Voice Cloning Using Deep Learning

Latest Technology Trends And Threats

1. WaveNet 🌊

It was introduced in 2016 by Google-backed DeepMind in the paper WaveNet: A Generative Model for Raw Audio. Earlier text-to-speech systems (TTS) were largely based on the concatenative TTS. In this approach, first, a very large database of short speech fragments is recorded from a single speaker. Then these fragments are recombined to form the complete utterances. The downside of this approach is that you will need a totally new database of audio samples if you want to make minor tweaks to the voice, like altering the emphasis or emotion. Also, the audio samples generated by this approach are very unnatural, glitchy and robotic.

2. Deep Voice 🗣

Deep Voice is a TTS system developed by the researchers at Baidu. Its first version, Deep Voice 1 was inspired by the traditional text-to-speech pipelines. It adopts the same structure, but replaces all components with neural networks and uses simpler features. First, it converts the text to phonemes and then uses an audio synthesis model to convert linguistic features into speech.

Deep Voice 3 Architecture
  • Encoder: It is a convolutional neural network that converts the textual features to an internal learned representation.
  • Decoder: The decoder is used to decode the learned representation coming from encoder into a low-dimensional audio representation (or Mel spectrograms). It consists of casual convolutions with multi-hop convolutional attention and it generates its output in an autoregressive manner.
  • Converter: It is a fully-convolutional post-processing network. The converter predicts final parameters from the decoder hidden states. This is non-causal and can thus depend on future context information.
  • Speaker Adaptation: The objective of this approach is to fine-tune a trained multi-speaker model for an unseen speaker using a few audio-text pairs. Fine-tuning can be applied to either the speaker embedding or the whole model.
  • Speaker Encoding: The speaker encoding method directly estimates the speaker embedding from audio samples of an unseen speaker. A model like this does not require any fine-tuning during voice cloning. Thus, the same model can be used for all unseen speakers.

3. SV2TTS 🚀

The paper Transfer Learning from Speaker Verification to Multispeaker Text-To-Speech Synthesis(SV2TTS) describes a neural network-based system for text-to-speech (TTS) synthesis that is able to generate speech audio in the voice of different speakers. The thing that stands out for this system is that it can work in the zero-shot learning setting 👌🏻.
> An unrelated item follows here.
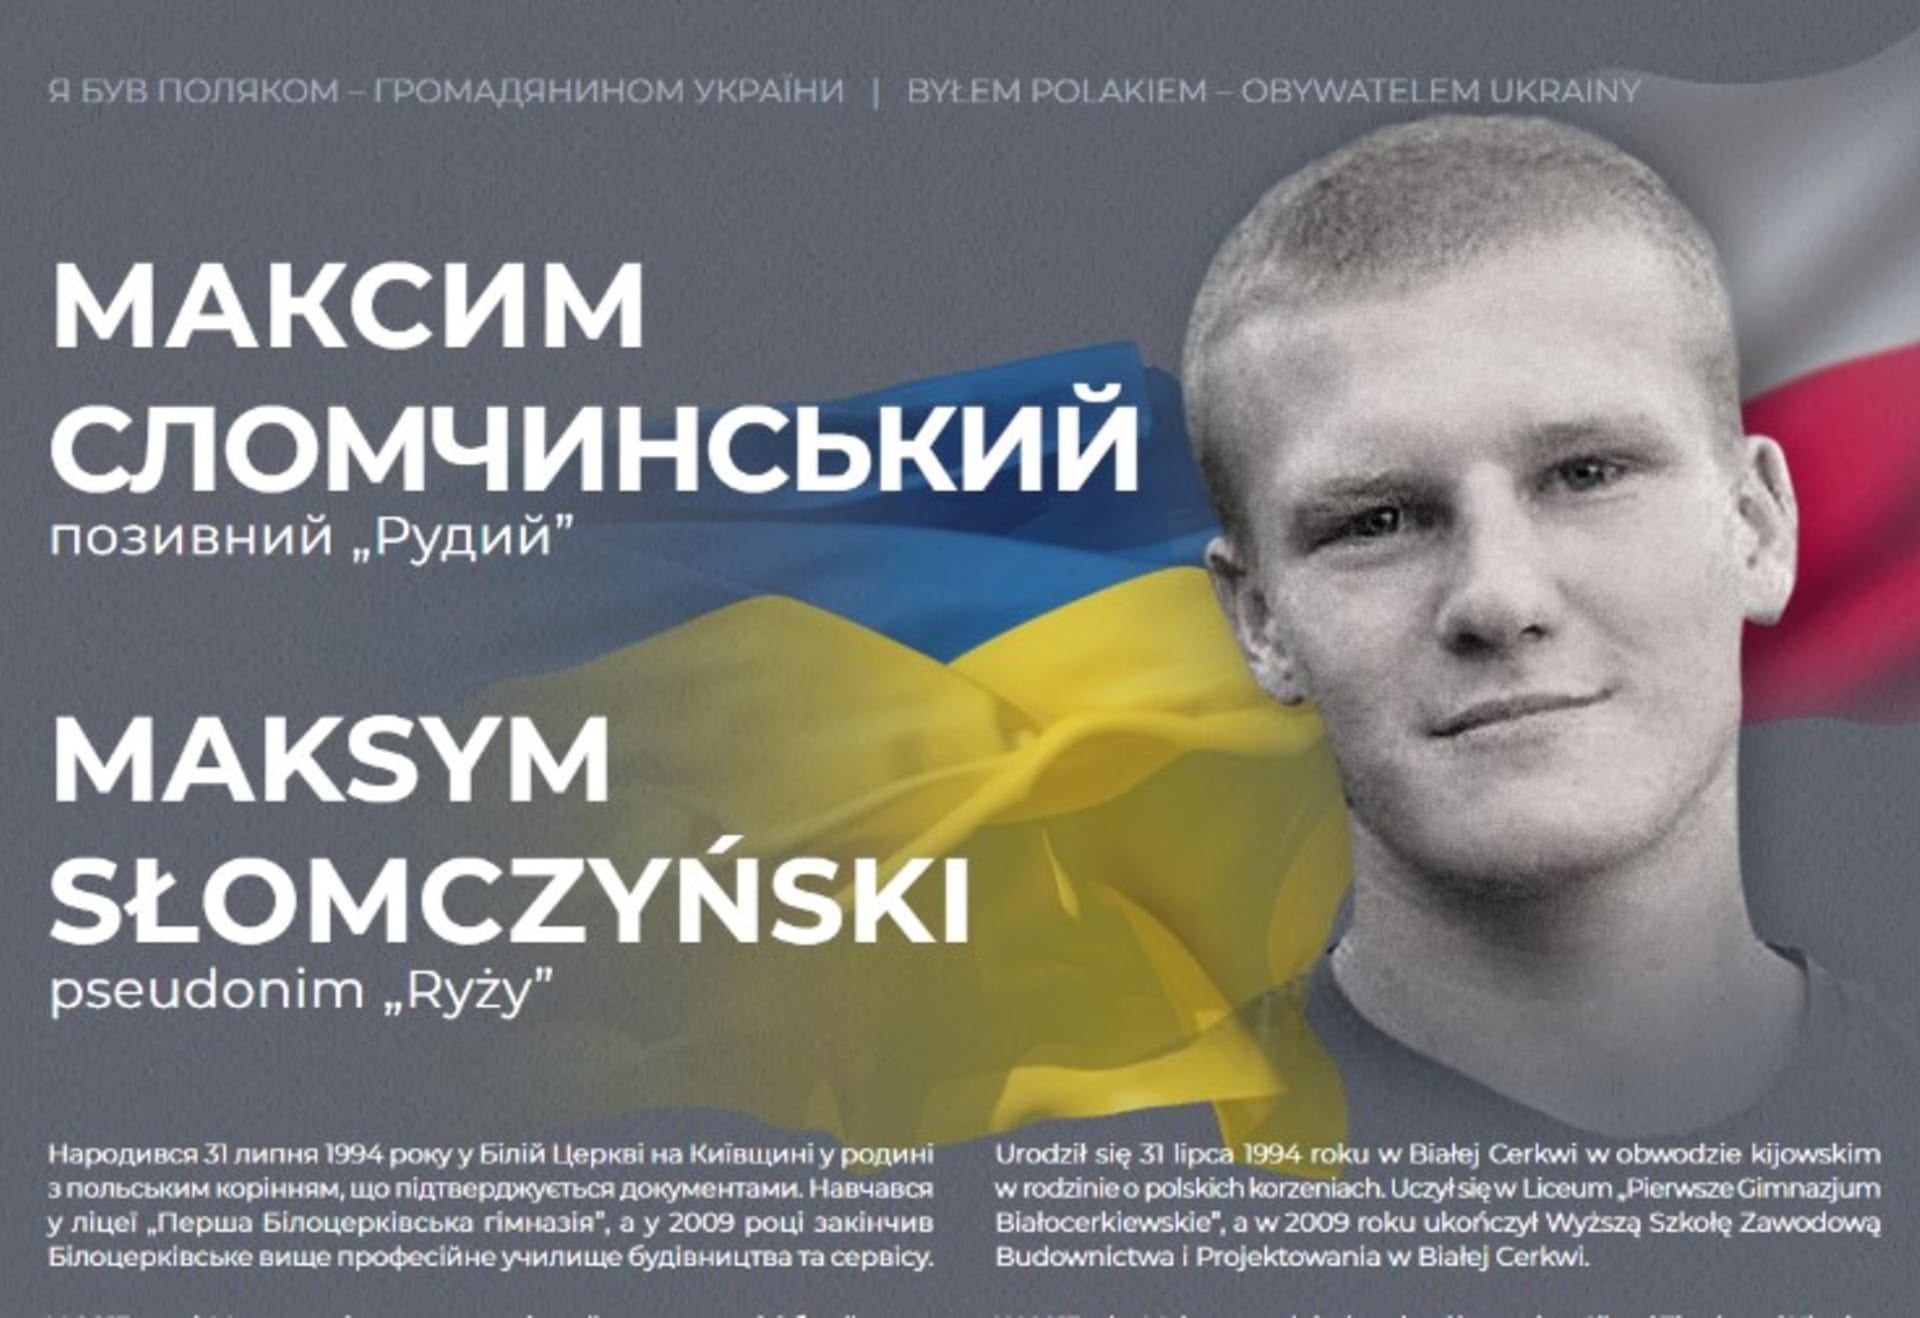 Ukrajinský voják Maksym Słomczyński padl v bojích v oblasti Avdijivky, bylo mu 22 let.

“This method aims to solve a task without receiving any example of that task at the training phase”

So, it can generate new speech in the voice of a previously unseen speaker, using only a few seconds of untranscribed reference audio, without updating any model parameters.

  • Speaker Encoder Network: The speaker encoder network’s job is to take audio of a given speaker as input, and encode the characteristics of their voice into a low dimensional vector embedding. It does not care about what the speaker is saying, all it cares about is how a speaker is saying something. The network is trained separately on the task of speaker verification, using a dataset of noisy speech from thousands of speakers. The encodings are then used to condition the synthesis network on a reference speech signal from the desired target speaker.
  • Synthesis Network: It is a Seq2Seq neural network based on google’s Tacotron 2 that generates a Mel spectrogram from the text, conditioned on the speaker embedding. The network is an extended version of Tacotron 2 that supports multiple speakers. The output is conditioned according to the voice of the speaker by concatenating their embedding with the synthesizer encoder output at each time step.
  • Vocoder Network: The system uses the WaveNet as a vocoder. It takes the Mel spectrograms generated by the synthesis network as input and autoregressively generate the time-domain audio waveforms as output. The synthesizer network is trained such that, it tries to capture all of the relevant detail needed for the high-quality synthesis of a variety of voices in the form of Mel spectrograms. This allows the vocoder to be constructed by simply training on data from many speakers.

Technology Misuse 👾

Although the concept of artificial voice is fascinating and has many benefits, we can’t deny the fact that this technology is susceptible to misuse. In the past few years, we have seen how Deepfakes were being used to spread misinformation and to create questionable content.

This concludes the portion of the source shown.